How to convert string to binary and back in Ruby 1.9?

I'm using Ruby 1.9.1-p243 on Mac OS X 10.5.8.

I have this UTF-8 string that I want to turn into binary, and then
from binary into ISO-8859-1. The result should be some garbage
string, which I need for debugging purposes. For the sake of an
example, my UTF-8 string is "помоник" (Russian for "helper").
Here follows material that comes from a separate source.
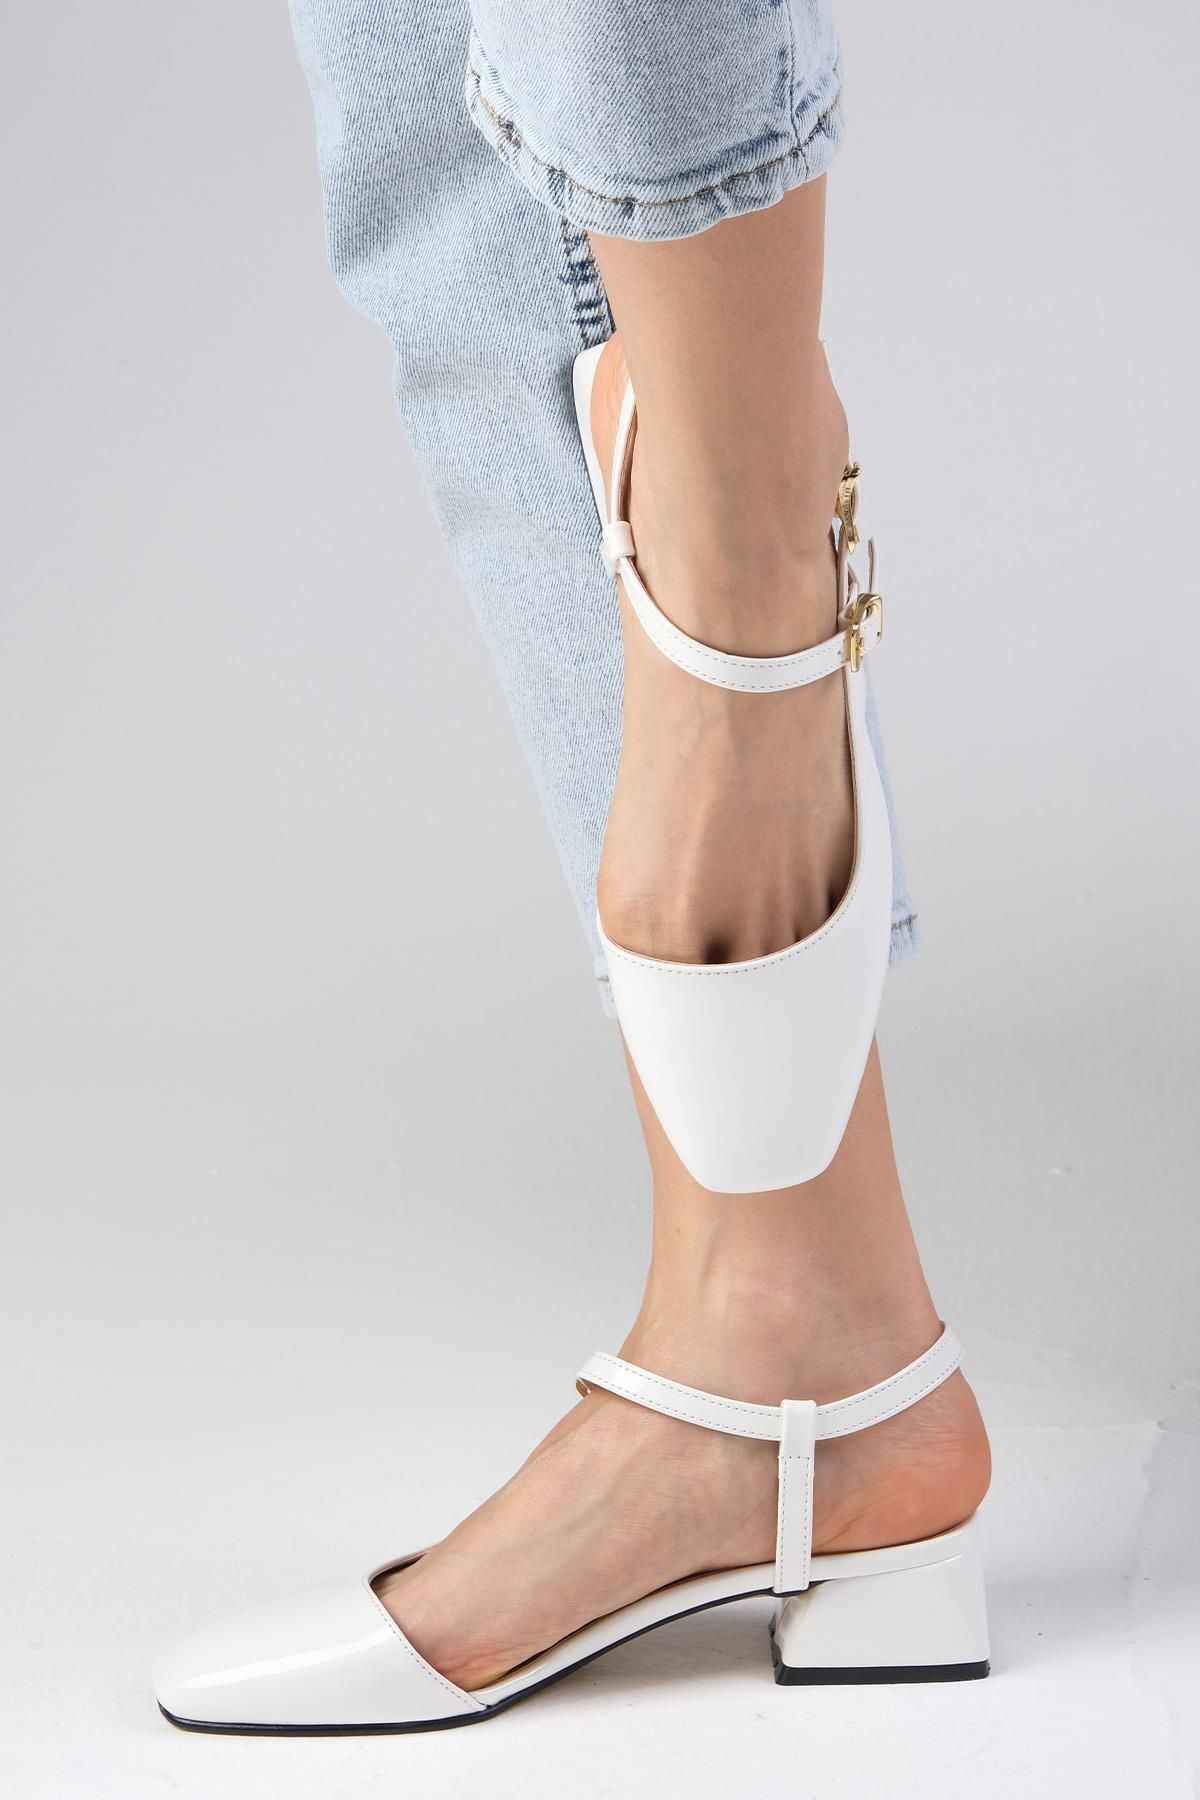 Mio Gusto Thea Beyaz Renk Rugan Arkası Açık Yandan Tokalı Küt Burunlu Kadın Kısa Topuklu Ayakkabı

After
looking at the documentation, it seemed like String#force_encoding
would do what I need.

But when I go to irb, I get this:

irb(main):060:0> "помоник".encoding
=> #<Encoding:UTF-8>
irb(main):061:0> "помоник".bytes.to_a
=> [208, 191, 208, 190, 208, 188, 208, 190, 208, 189, 208, 184, 208,
186]
irb(main):062:0> "помоник".force_encoding("ISO-8859-1")
=> "помоник"
irb(main):063:0> "помоник".force_encoding("ISO-8859-1").encoding
=> #<Encoding:ISO-8859-1>
irb(main):064:0> "помоник".force_encoding("ISO-8859-1").bytes.to_a
=> [208, 191, 208, 190, 208, 188, 208, 190, 208, 189, 208, 184, 208,
186]

So apparently, it changes the encoding, leaves the bytes unchanged,
but also leaves the decoded characters unchanged? Is this a bug or
what?

Note also:

irb(main):066:0> "помоник".encode('BINARY')
Encoding::UndefinedConversionError: "\xD0\xBF" from UTF-8 to
ASCII-8BIT
  from (irb):66:in `encode'
  from (irb):66
  from /usr/local/bin/irb:12:in `<main>'

So apparently in Ruby 1.9, binary isn't really binary?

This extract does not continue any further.